Search code examples
pythonh2osparkling-water

Adding additional data to each row in an H2OFrame


I am working with a huge H2OFrame (~150gb, ~200 million rows), which I need to manipulate a little. To be more specific: I have to use the frame's ip column, to find the location/city names for each IP and add this information to each of the frame's rows.

Converting the frame to a plain python object and manipulating it locally is not an option, due to the huge size of the frame.
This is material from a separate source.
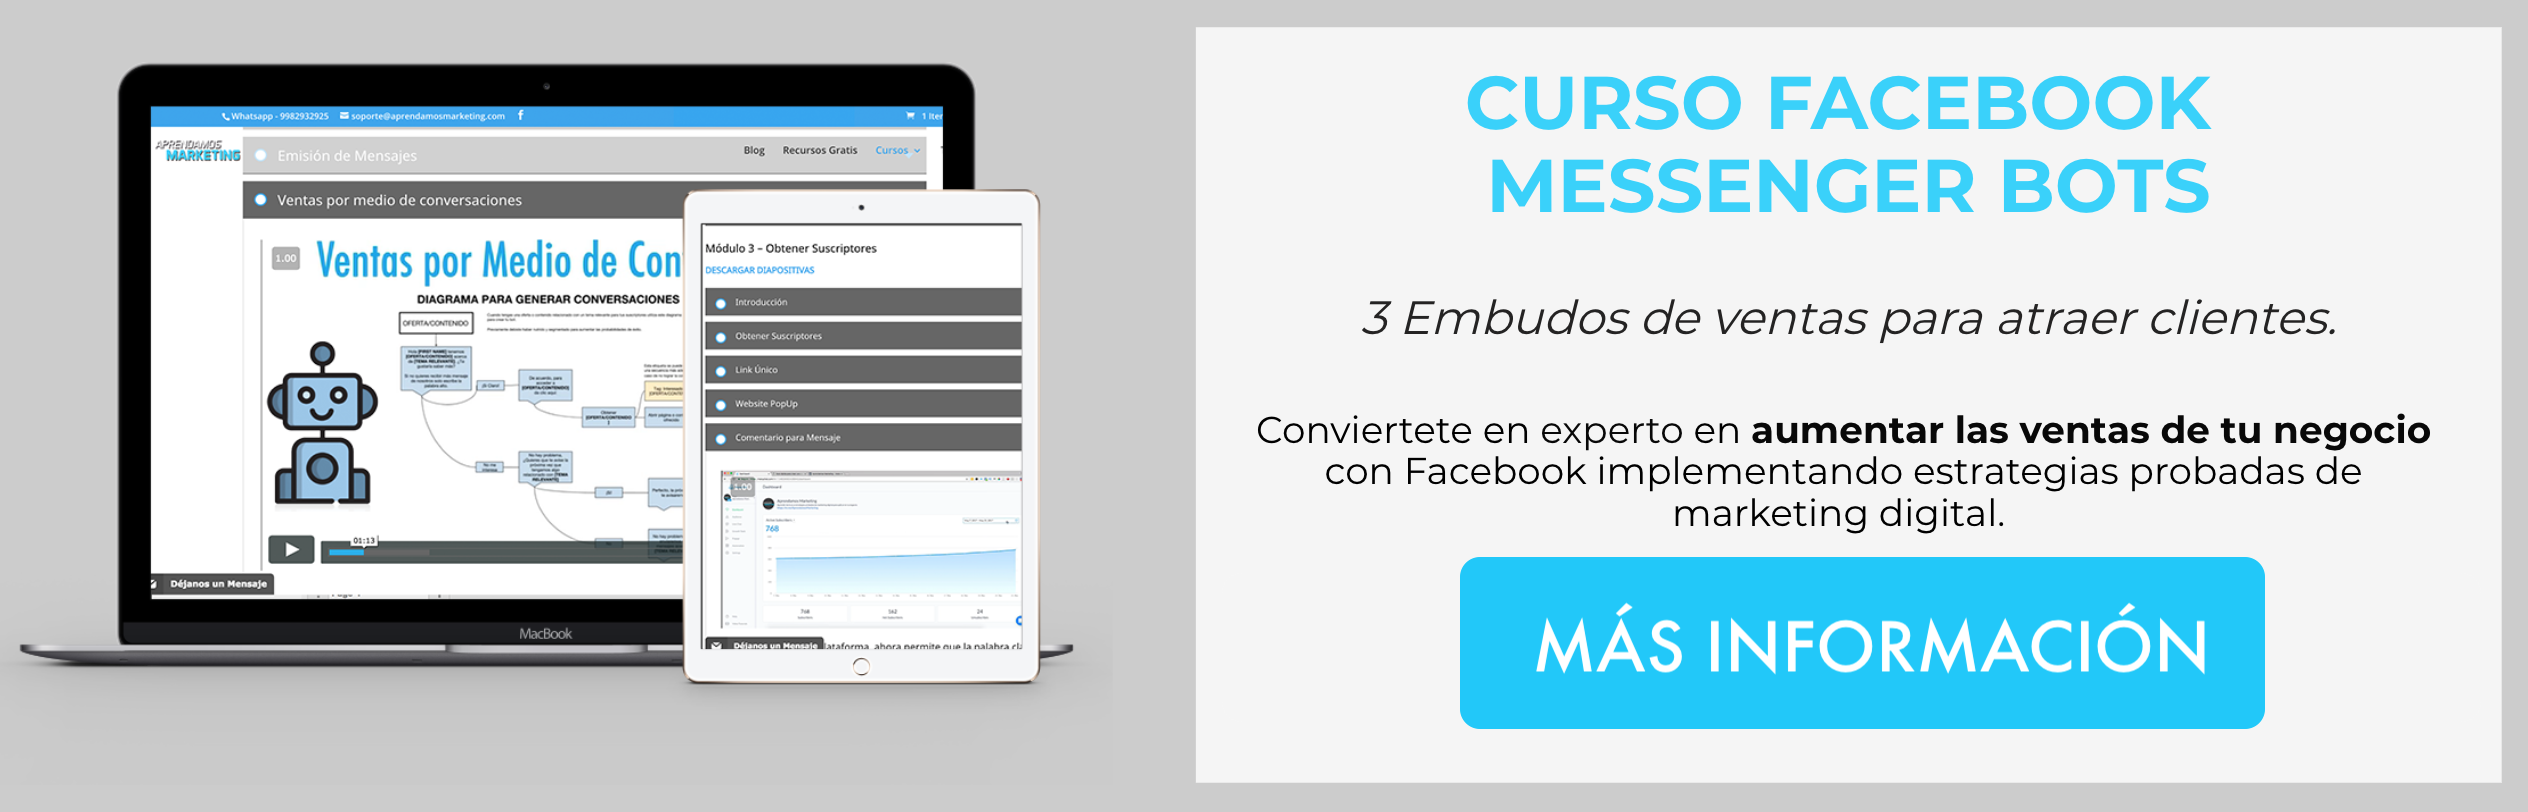 CTA-Blog-Curso Facebook Messenger Bots

So what I was hoping I could do is to use my H2O cluster to create a new H2OFrame city_names using the original frame's ip column and then merge both frames.

My question is kind of similar to the question posed here, and what I gathered from this question's answer is that there is no way in H2O to do complex manipulations of each of the frame's rows. Is that really the case? H2OFrame's apply function only accepts a lambda without custom methods after all.

One option I thought of was to use Spark/Sparkling Water for this kind of data manipulation and then convert the spark frame to an H2OFrame to do the machine learning operations. However, if possible I would prefer to avoid that and only use H2O, not least due to the overhead that such a conversion creates.

So I guess it comes down to this: Is there any way to do this kind of manipulation using only H2O? And if not is there another option to do this without having to change my cluster architecture (i.e. without having to turn my H2O cluster into a sparkling water cluster?)


Solution

  • Yes, when using apply with H2OFrame, you can not pass a function instead only lambda is accept. For example if you try passing tryit function you will get the following error showing the limitation:

    H2OValueError: Argument `fun` (= <function tryit at 0x108d66410>) does not satisfy the condition fun.__name__ == "<lambda>"
    

    As you already know Sparkling Water is another option to perform all the data munging first in spark and then push you data into H2O for ML.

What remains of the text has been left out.